Ultrathin Films Retain Bulk Properties
Robert C. Pini
Polymer films less than 100 nm thick have molecular properties nearly identical to the same material in bulk, according to recent findings of a study published in the July 8 issue of Nature. The findings confirm that thin films for optical coatings retain their physical properties even at only 10 nm thick.
That's great news for the coating industry, which had predicted the results but never achieved lab confirmation. "There's a whole field of thin polymer films based on this assumption that we verified," said Sanat Kumar, professor of materials science and engineering at Pennsylvania State University.
The findings can help usher in applications for high precision telecommunications filters and new multilayer films applied to lubricate and protect moving parts.
"The thinner the coating, the greater the precision for any application," said Chris H. Stoessel, a research and development engineer at Optical Coating Laboratory Inc. in Santa Rosa, Calif. "Now you can synthesize properties by making them up out of a stack of ultrathin coatings."
If you can cut the thickness, you can cut the price of optical coatings significantly, said Russ Stiles, an engineer at Optical Coating Laboratory.
What's the limit?
With the help of other materials scientists, Kumar used small-angle neutron scattering to characterize the chain structure and conformation of ultrathin polystyrene films from 10 to 60 nm thick. The researchers found that even in the thinnest films -- thinner than the unperturbed radius of gyration of the polystyrene chains -- the polymer material exhibited chain structure and conformity similar to the bulk form.
Diffusion, glass transition temperature and the dynamic properties of optics are dramatically altered by thinner films, Kumar said, making it easier to know how coatings will react under working conditions.

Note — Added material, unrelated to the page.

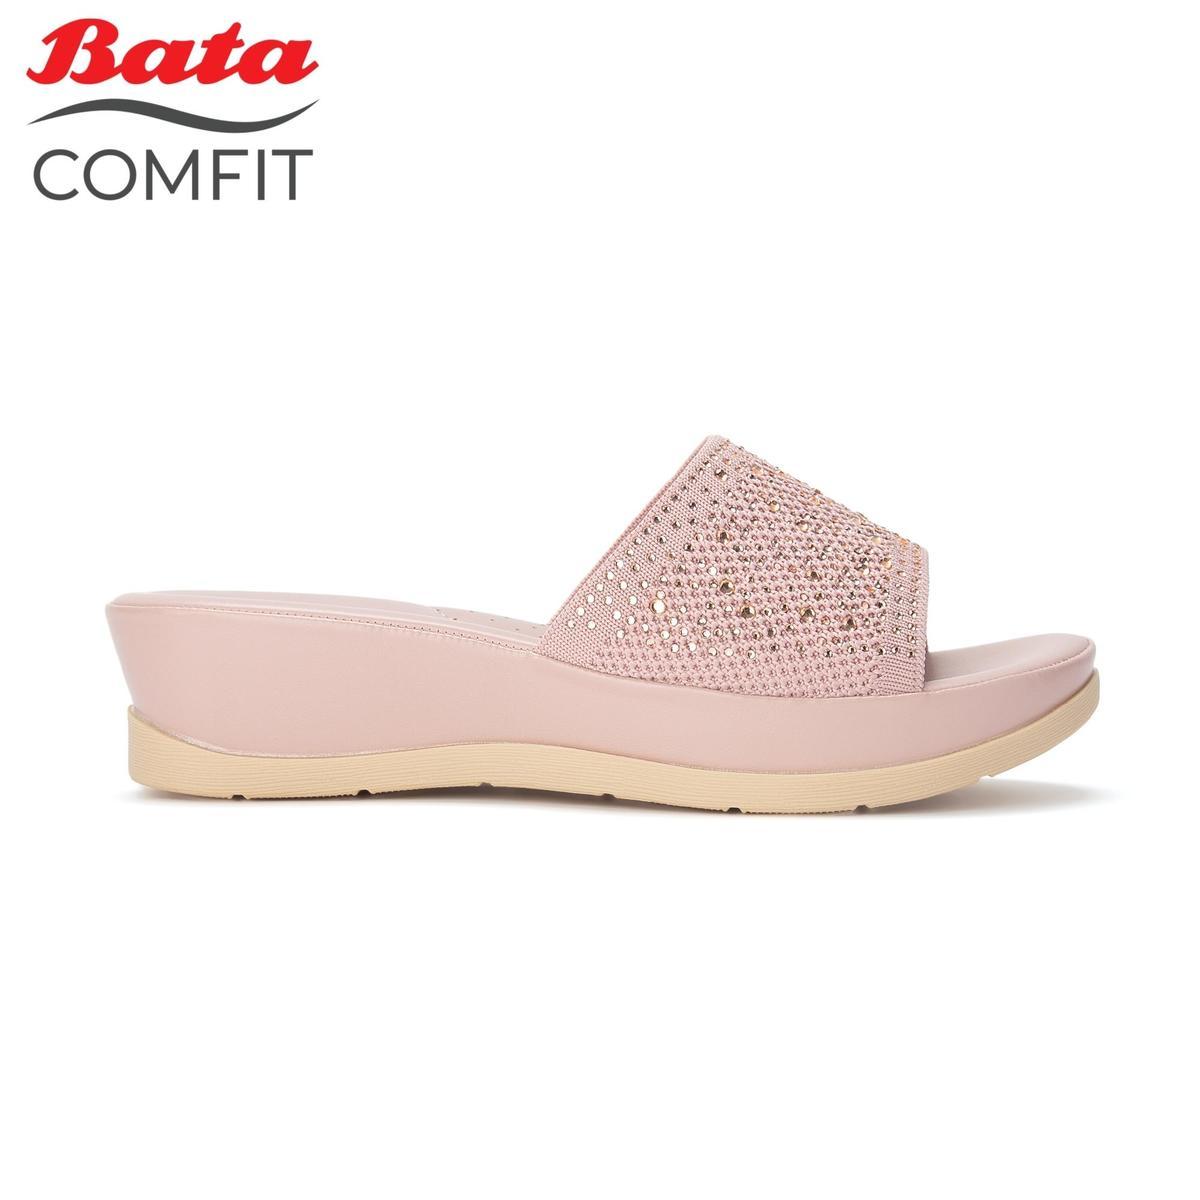 bata comfit ladies pink wedges 6615037

Since their work appeared in Nature, Kumar said the research team has recorded thin-film characteristics for layers only 5 nm thick, which comes close to the practical limits of measurement using neutron scattering. Pointing to the 0.5-nm-thick lubricant layer on a hard disk drive, Kumar said the research still has room to explore the limits. The next generation of measurement technology will help improve the signal by one order of magnitude.